Let's talk about Raid-6


Recommended Posts

Agree ... I think an automatic failover would be relatively easy to implement, but may in fact result in some drive replacements that weren't actually necessary.    On the other hand, I suspect that many of those "failures that aren't really failures" are due to movement of the server; changes where cables have been plugged/unplugged/bumped; etc. ... so in normal operations a failure is indeed likely a failure -- and as noted, it would have a very nice WAF  :)

 

In general I am not a big fan of hot spares and auto rebuilds. The causes of red balls are often not related to a failed drive, and a rebuild might do more harm than good. Heat issues could also cause a real failure and the last thing you'd want to do is start s rebuild when your HVAC went out on a hot summer day.

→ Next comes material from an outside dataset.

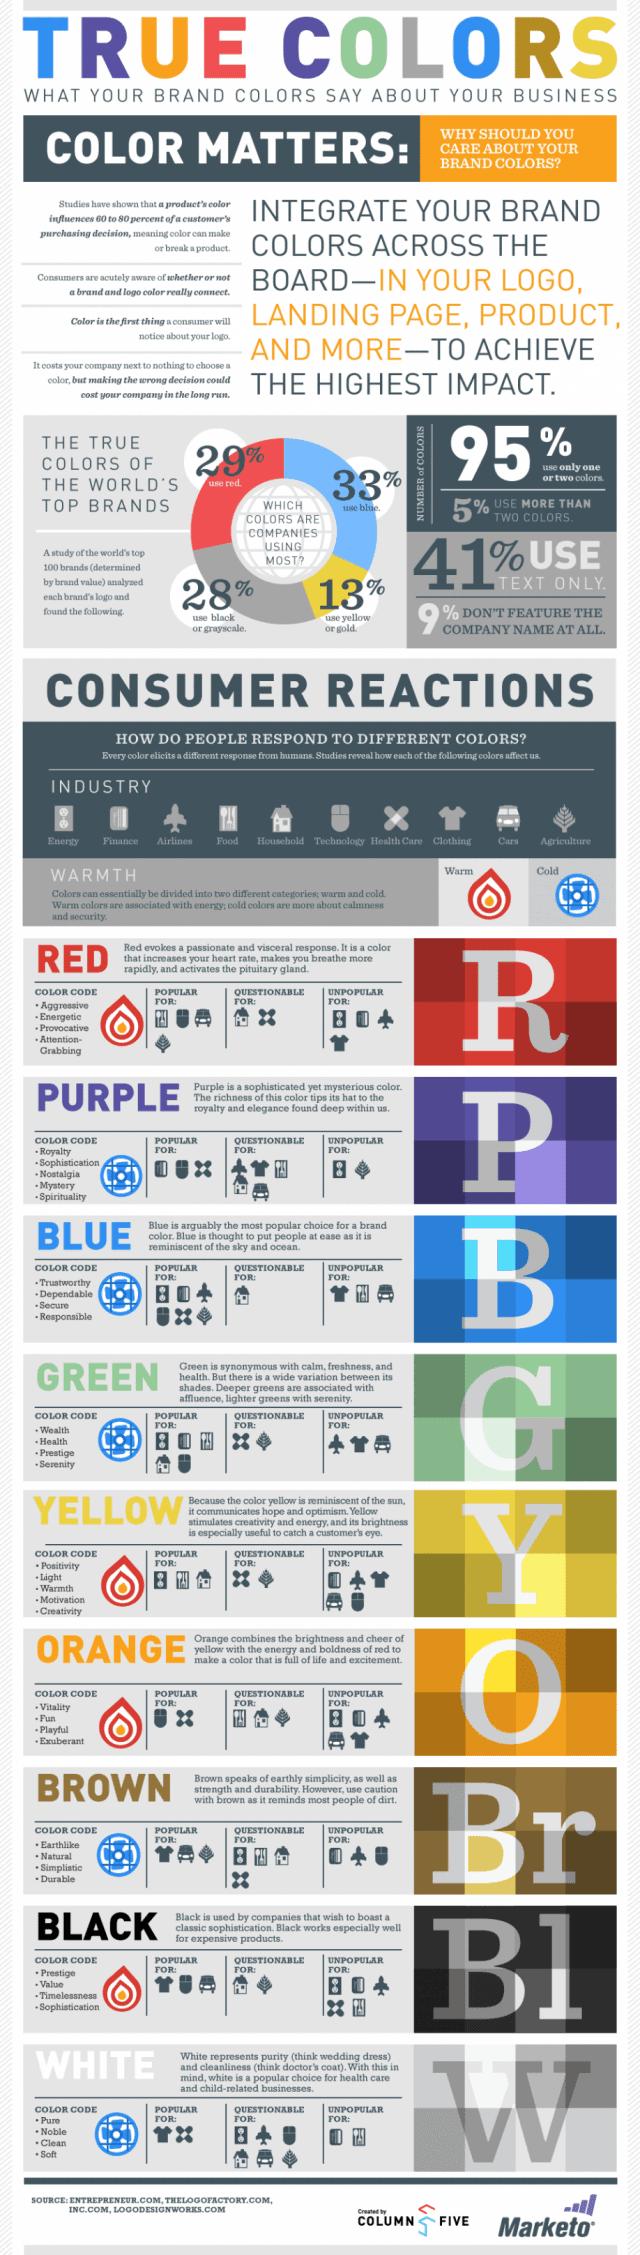 True Colors Branded Colors

In general I would prefer that the human decide how to recover then asking the computer.

 

Dual parity would make the hot spares less valuable, because even one disk down, you are still protected from a second failure.

Link to comment
  • Replies 92
  • Created
  • Last Reply

Top Posters In This Topic

Certainly agree that with dual parity the need to initiate an immediate rebuild is reduced.    It's still important to do it as soon as possible -- but with notifications the user will know about it, so having a rebuild start automatically isn't as critical.    Remember, however, that the primary reason for dual parity is to be able to sustain a failure during a rebuild -- NOT to eliminate the need to do a rebuild just because you've only had one failure  :)

 

r.e. your other question => not sure how the Linux driver is implemented, so don't know how easy it is to do; but ANY of the techniques that enable dual fault tolerance allow computationally isolating the exact location of a fault.  I'll leave it to Tom to answer just how easy that is with the Linux implementation.

 

Link to comment

I spent the weekend studying the math behind Raid-6 - learning Galois field algebra: now that's an exiting Saturday night!  It turns out there's no reason all data devices have to be spun up after all to recompute Q, and in fact read/modify/write of target data disk, P and Q disks should indeed be possible (even desirable in some cases).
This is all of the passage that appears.